I shot a Fisher, (aka Fisher Cat), with a what should have been the proper lens, a 500mm mirror, I wasn't very sharp, looking at the EXIF data I realize I'd left the focal length set at 24mm for AS. Only got one shot, before it disappeared behind the tree it was clinging to. You don't often see them in broad daylight, and they'd just recently extended their range into Connecticut. Haven't seen any since.

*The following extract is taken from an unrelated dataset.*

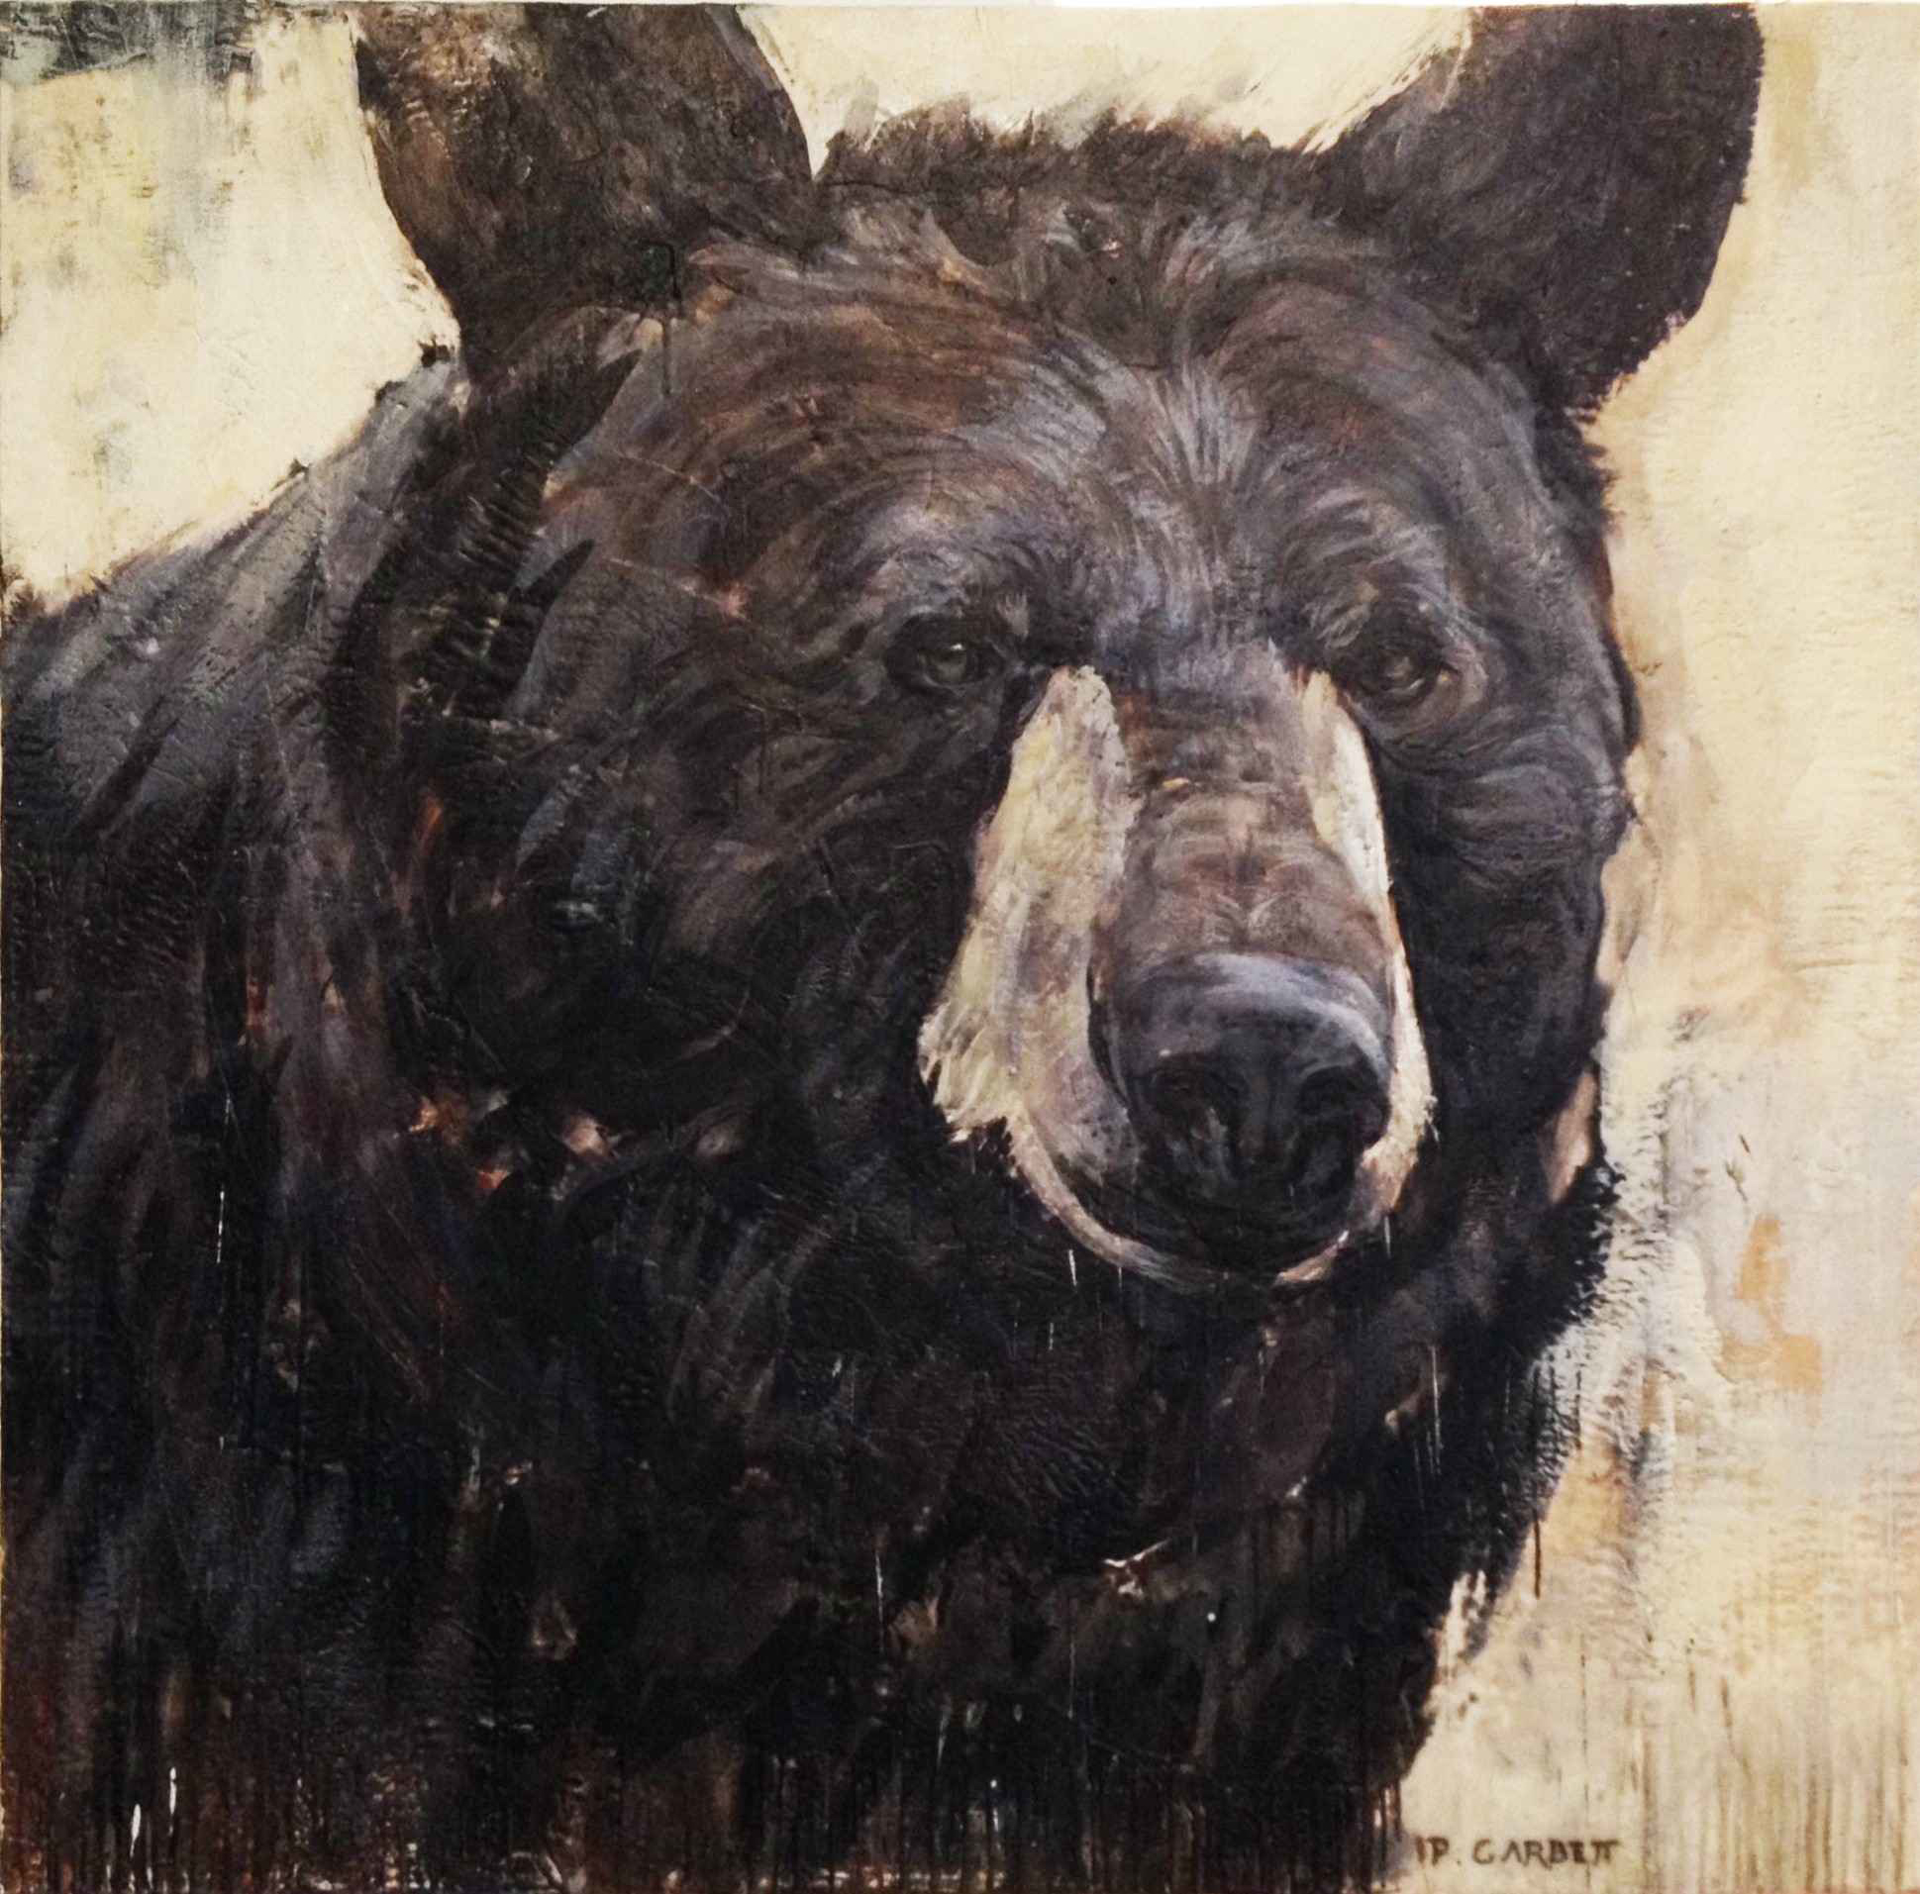 Bear Head #60-12 by Paul Garbett

On 4/24/2013 5:26 PM, Larry Colen wrote:
On Wed, Apr 24, 2013 at 02:07:24PM -0600, steve harley wrote:
<https://www.dropbox.com/s/zzfzb014ja641qw/50pixel_heron.png>

okay sorry for the tease, the lens was 15mm, and the distance around
30 yards, so the bird is about 50 pixels long, shown at 300%; the
only way i found the bird in the image was by scanning the image at
extreme zoom and noticing the classic heron "gaff-rigged" wing shape

15mm has been good practice, but i'm putting the 50mm back on the
camera for a while
HEh! reminds me of the time I was riding back to work after lunch
on the Coyote Creek Trail (not 100m from where John, Aahz and I were
shooting) and saw a bobcat walking up the trail.  I had my camera with me,
around my neck, and was able to turn it on, and using autofocus get
a couple of photos of the bobcat before it left the trail.

Of course, the lens I had on the camera was a zoom, at full wide, so
even though I had my camera, and in theory a suitable lens mounted,
I wasn't able to extend it to telephoto mode, so my photo was just about
clear enough to prove that I had seen either a bobcat, or a really, really
big housecat.

The only other time I've gotten a good view of a bobcat was heading to
the lumber yard one morning, there was one sitting in a field between
the driveway to the lumber yard and the creek.  That, of course, was the
only time that I went to the lumber yard without grabbing my camera and
putting it in the car.  The shots I got with my phone, again, were just
good enough to more or less prove that I had actually seen a bobcat.